Después, al aproximarse al destino desempolvó anécdotas vividas o escuchadas, relacionadas con cada punto que atravesaban. Cuando ya creían divisar el pueblo, un fuerte ruido, una brusca sacudida y una fuerte deceleración les sorprendió.

—¿Qué podrá ser? Este coche nunca dio problemas. Es un coche alemán…

—¿Llevas gasolina, hijo?

—No es problema de gasolina. El problema es que tiene muchos años, madre.

Era el coche que compró a costa de la casa del pueblo.

Una grúa los transportó al pueblo. Conseguir los repuestos y la reparación les llevarían dos o tres días. ¡Qué remedio! Acompañó a su madre hasta su alojamiento y allí preguntó dónde podría alojarse él.

Su prima, al principio lo trató con la afabilidad que se dispensa al regalo repetido. Él seguía siendo el pariente que se casó y se divorció de la Mercedes, la del tío Anselmo y que mientras estuvo casado les miraba con desdén.

Solo que ahora Jacinto se mostraba avergonzado del matrimonio y orgulloso del divorcio. Pronto supo que su antiguo suegro seguía esquilmando a todos los lugareños. Y supo que a él, algunos le tenían por el guerrillero que se había enfrentado a quien todos odiaban y temían. No sabían que había sido Mercedes quien exigió el divorcio.

Matilde, la prima de su madre y su hija Emerenciana, Meren, familiarmente, se colgaron del teléfono tratando de hallarle cobijo.
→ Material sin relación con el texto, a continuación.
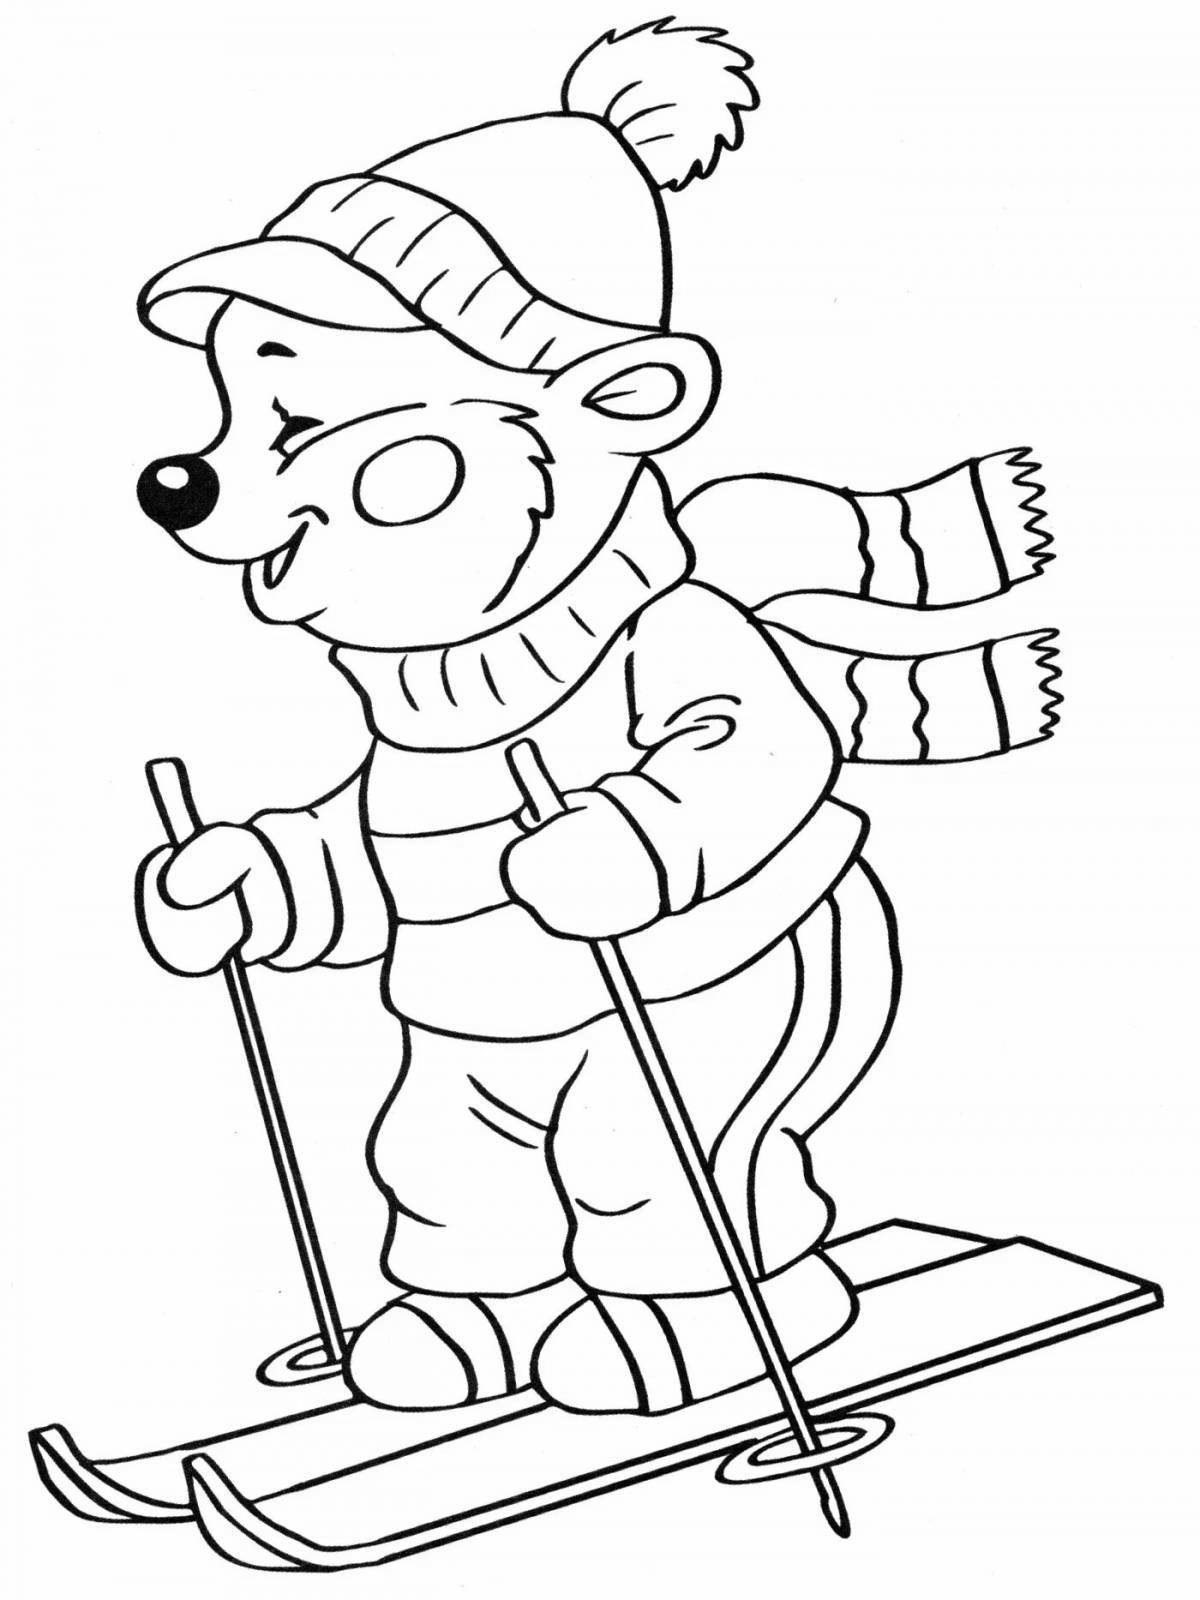 Colorful skier coloring book for kids

Tras una hora de consultas los aspavientos de Meren anunciaron que había encontrado alojamiento.

—Hubo suerte, Rosario reservó una habitación en el hotel de las monjas para su sobrino, pero en el último momento él no ha podido venir. Rosario iba a anular la reserva para ver si le devolvían lo adelantado, aunque no confiaba, buenas son las monjas… y, como Rosario no dejó el nombre de su sobrino, diremos que eres tú y arreglado, le pagas lo que sea a la Rosario y todos felices. ¿Hace?

—Por mí, bien, pero ¿dónde está ese hotel?
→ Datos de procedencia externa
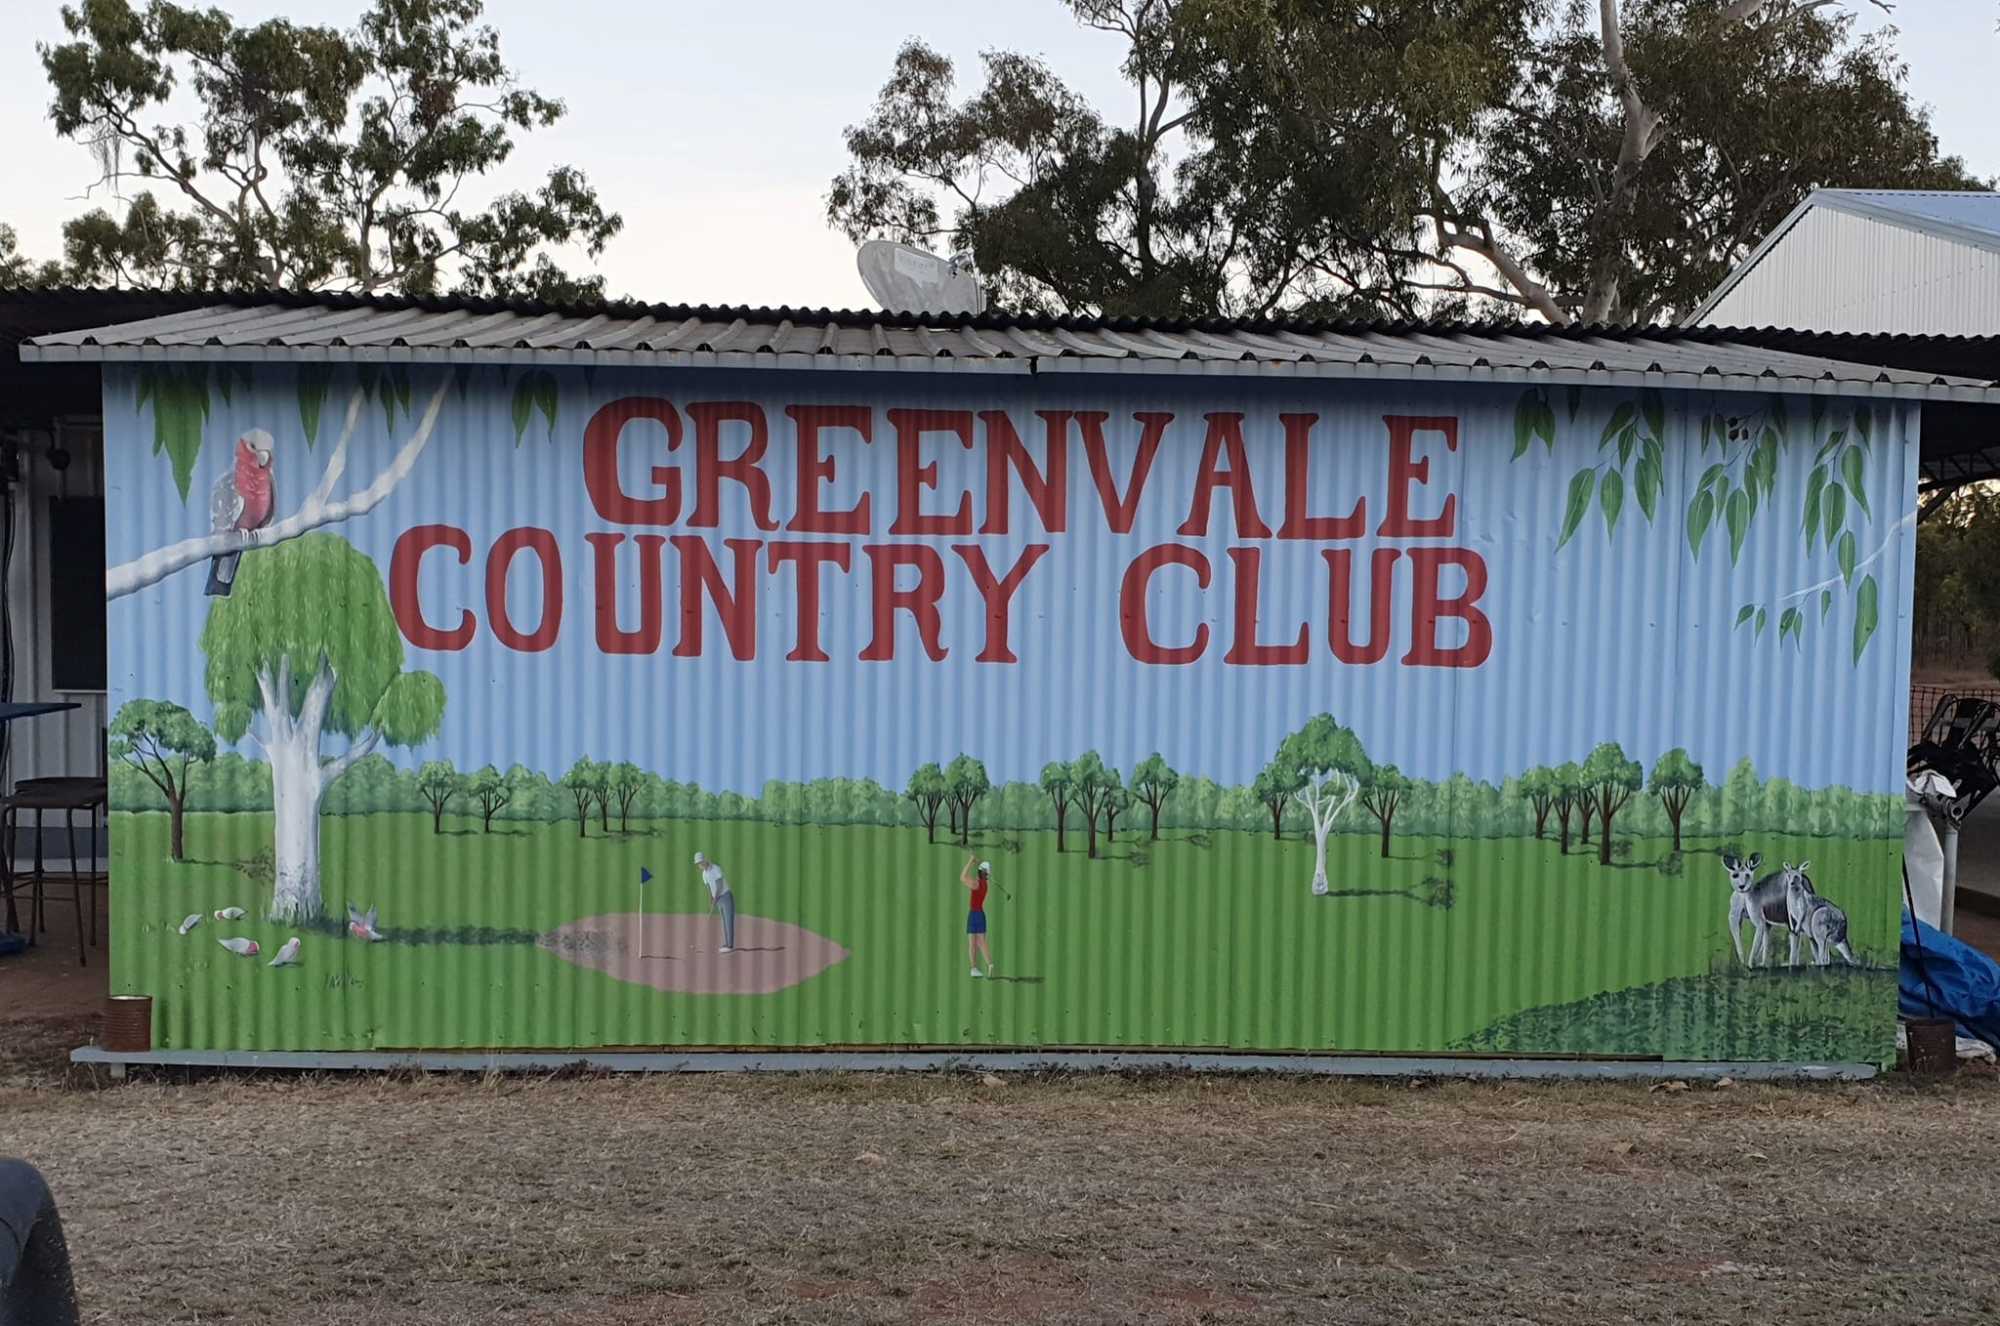 Greenvale clubhouse

— ¿Cómo preguntas eso? Con la de veces que has estado allí. Es la casa de don Agapito, el administrador del señor marques. ¿A que ahora caes?

—Pues claro, la casa de Fernando ¿que ha sido de él? ¿Cómo se llama su hermana, la monja?

—Ay hijo, pareces tonto. Fernando se hizo misionero, lo mataron en Sudán y su hermana Lucia, a punto estuvo de entrar en el convento, pero se lo pensó mejor, se quedó en la casa y allí vivió atormentada, hasta que hace un par de años la encontraron muerta apoyada en el piano. Dicen que no profesó porque la enamoró un galán que ella se quedó esperando. Pero él nunca volvió a buscarla —Al decirlo fijó sus ojos en los de Jacinto.